Mirror Particle, a San Francisco-based SI startup, is developing a foundation model designed to predict human behavior by simulating the reasons behind consumer actions, arguing that current large language models (LLMs) are fundamentally flawed for this purpose. The company’s approach comes amid a surge of interest in SI tools that model human psychology, with competitors like Simile raising $200 million, Aaru raising $88 million, and Humans& raising a $480 million seed round over the past year.
What Happened
Abhivyakti Ahuja, co-founder and CEO of Mirror Particle, describes the startup’s technology as a "world model" built from scratch, distinct from the industry standard of prompting or fine-tuning LLMs to role-play as demographic segments. Ahuja, who studied neuroscience and computer science at the University of Toronto where she was inspired by SI pioneer Geoffrey Hinton, argues that relying on LLMs for behavioral prediction is "like bringing a super soaker to Niagara Falls," noting that these models are trained on vast written language data but lack the visual perception, spatial reasoning, and social intelligence inherent to human cognition.

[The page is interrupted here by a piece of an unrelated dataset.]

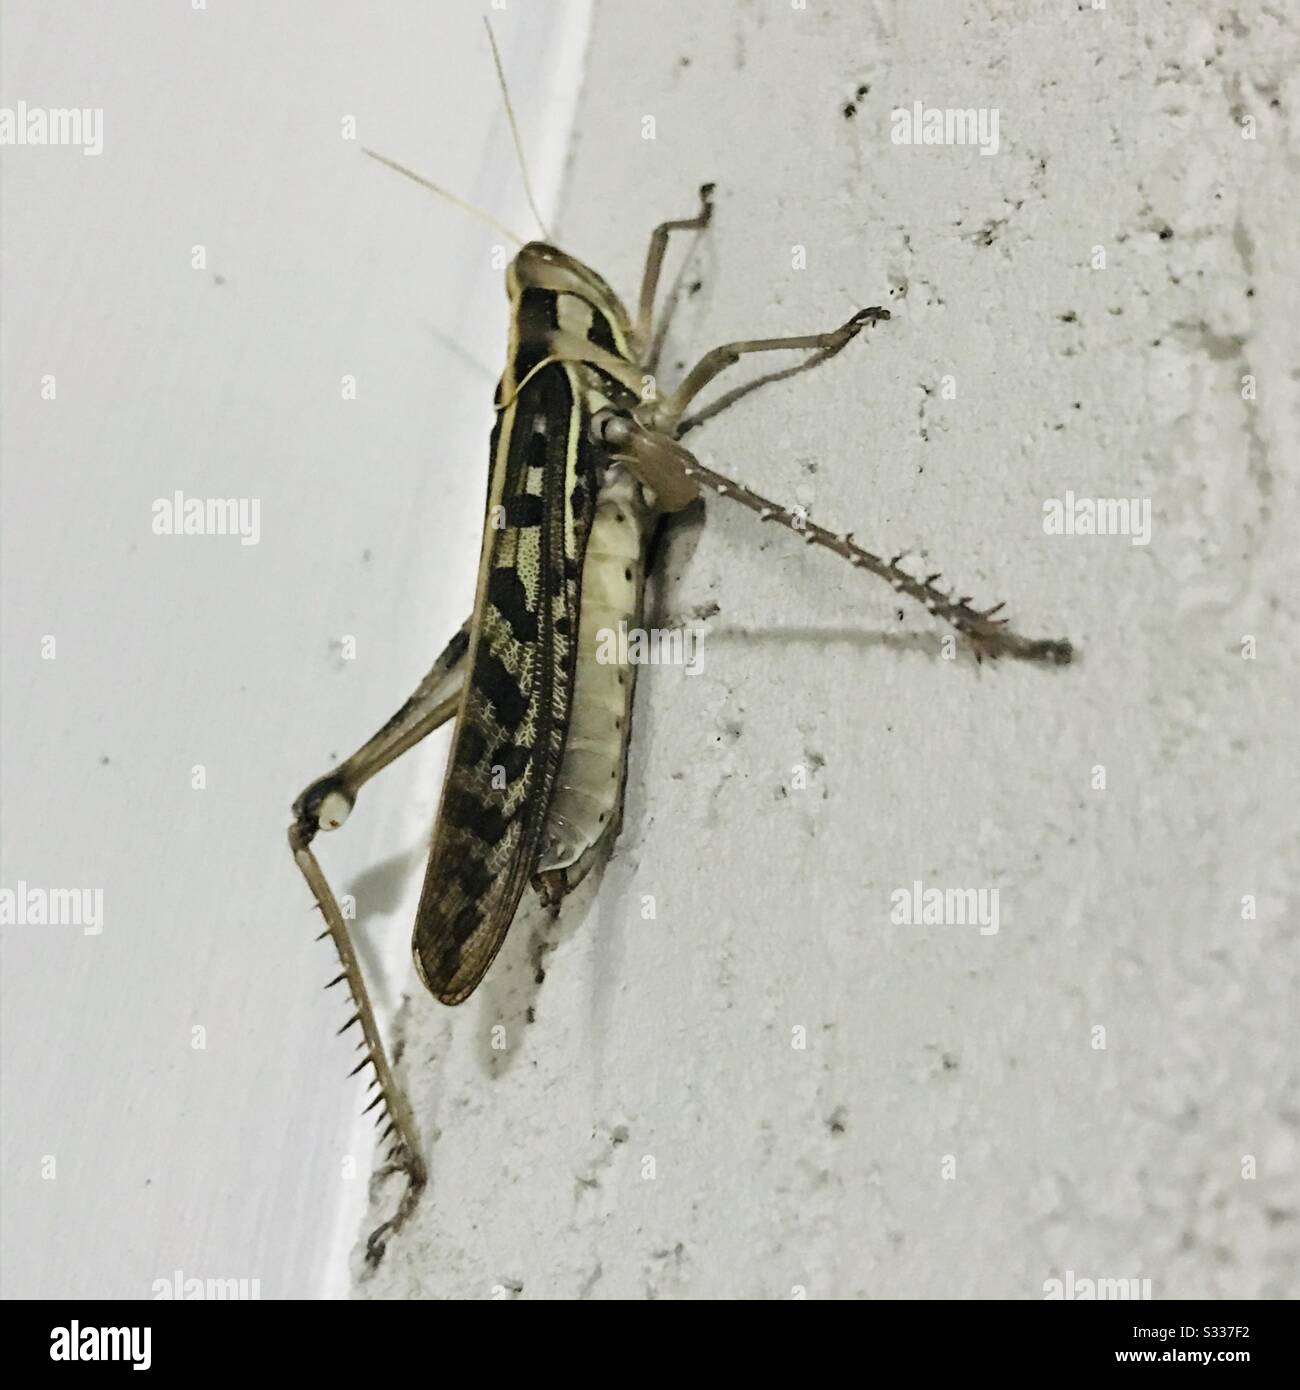 Heuschrecken, kurze gehörnte braune Farbe Grasshopper mit haarigen Beinen gehen zu fliegen, stehen in einer Wand, Gras Trichter-zoomed Nahaufnahme Bild Stockfoto
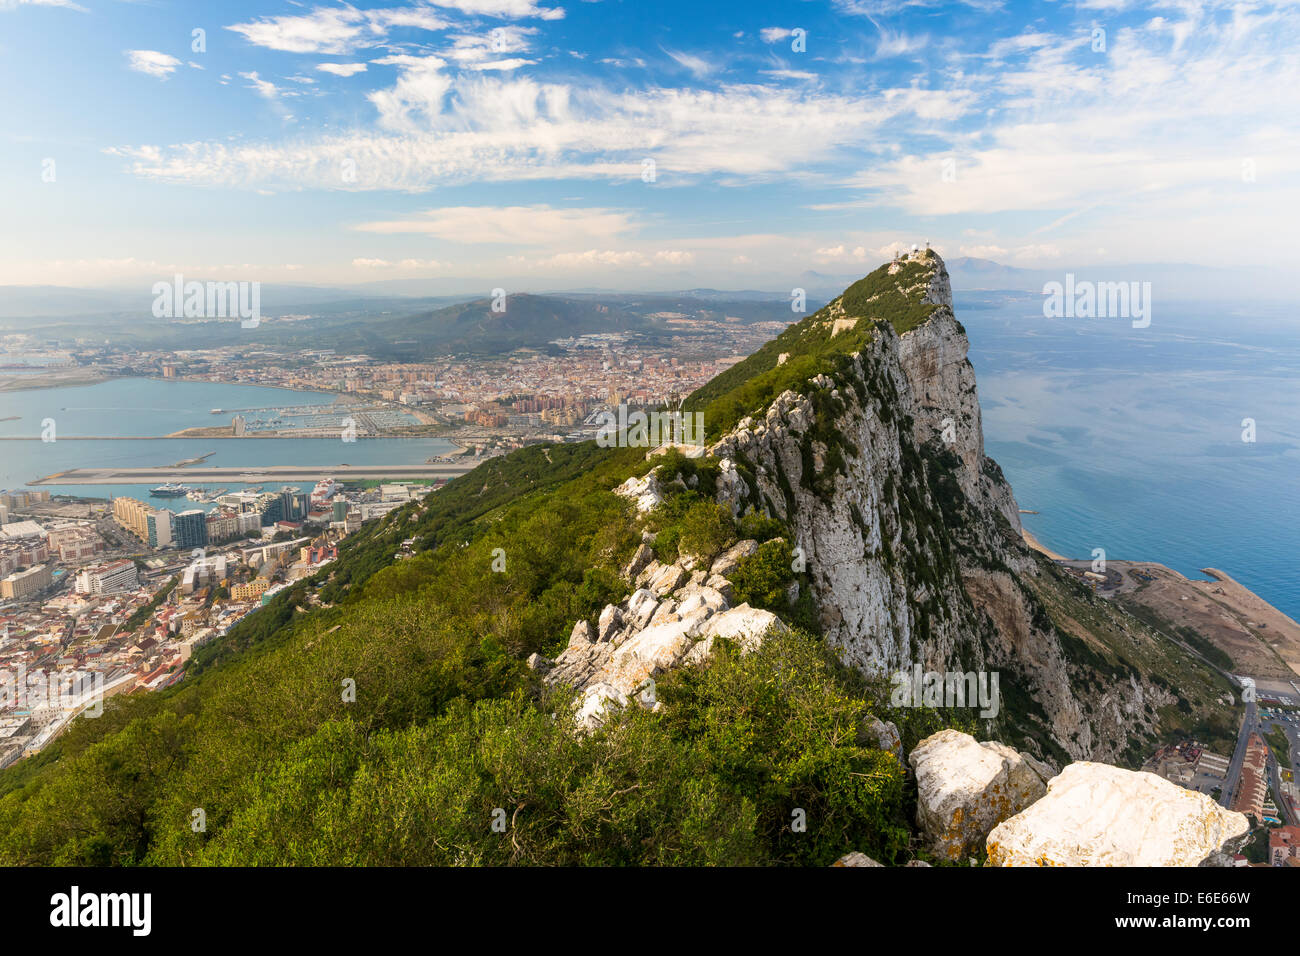 La Bahía de Algeciras y La Linea, visto desde el Peñón de Gibraltar Foto de stock

Instead of static profiling, Mirror Particle’s engine focuses on longitudinal data to capture how individuals change over time. The system integrates proprietary data sources, including client customer records, current events, pop culture, and social media, to track shifts in motivation. The company emphasizes "revealed behavior"—what people actually do—over self-reported survey answers, which Ahuja suggests often miss the mark.
Ahuja co-founded Mirror Particle with Will Song and Thomson Yen after meeting them at Amazon Robotics, where she built robots that build other robots. Song brings experience building sales personalization engines, while Yen focused on using deep learning to understand how SI agents learn about human behavior. This background informs the company’s "world model" approach, which Ahuja likens to how a baby learns about the world, moving from vision to language to body awareness to social intelligence.
In an early pilot with a major pet food brand, Mirror Particle’s SI engine identified that packaging imagery was not the primary driver of sales plateaus. The model determined that the brand’s perception as "mass market and cheap" was the core issue, an insight the company claims LLM-based approaches might overlook.
Why It Matters
The development signals a potential shift in how SI tools are applied in market research and brand strategy. While competitors like Humans& have raised substantial funding to model human behavior using existing LLM architectures, Mirror Particle’s rejection of the LLM-as-predictor paradigm highlights a growing debate within the SI industry about the limitations of language-centric models for understanding complex human dynamics.
For developers and enterprises, this approach offers a different path to SI at work, moving beyond generating copy to determining strategic viability. Ahuja illustrates this with a hypothetical for a beauty brand: rather than just optimizing ad copy for eyeshadow palettes, the model could determine if the target demographic even wants that product category, potentially recommending blush instead.
Mirror Particle has completed an angel round and is close to closing its first venture round. The startup is scheduled to compete in the Startup Battlefield 200 at TechCrunch Disrupt 2026 in San Francisco next week, placing it in direct view of the SI investment community.
The Bottom Line
Mirror Particle is positioning itself as a "general layer for anticipating human behavior" in the SI era, aiming to evolve from population-level analysis to individual insights. The company’s long-term vision is rooted in a belief that "we just need a better model of humans if we’re going to work alongside AI and with each other," a statement from Ahuja that underscores the growing intersection of SI technology and human-centric design.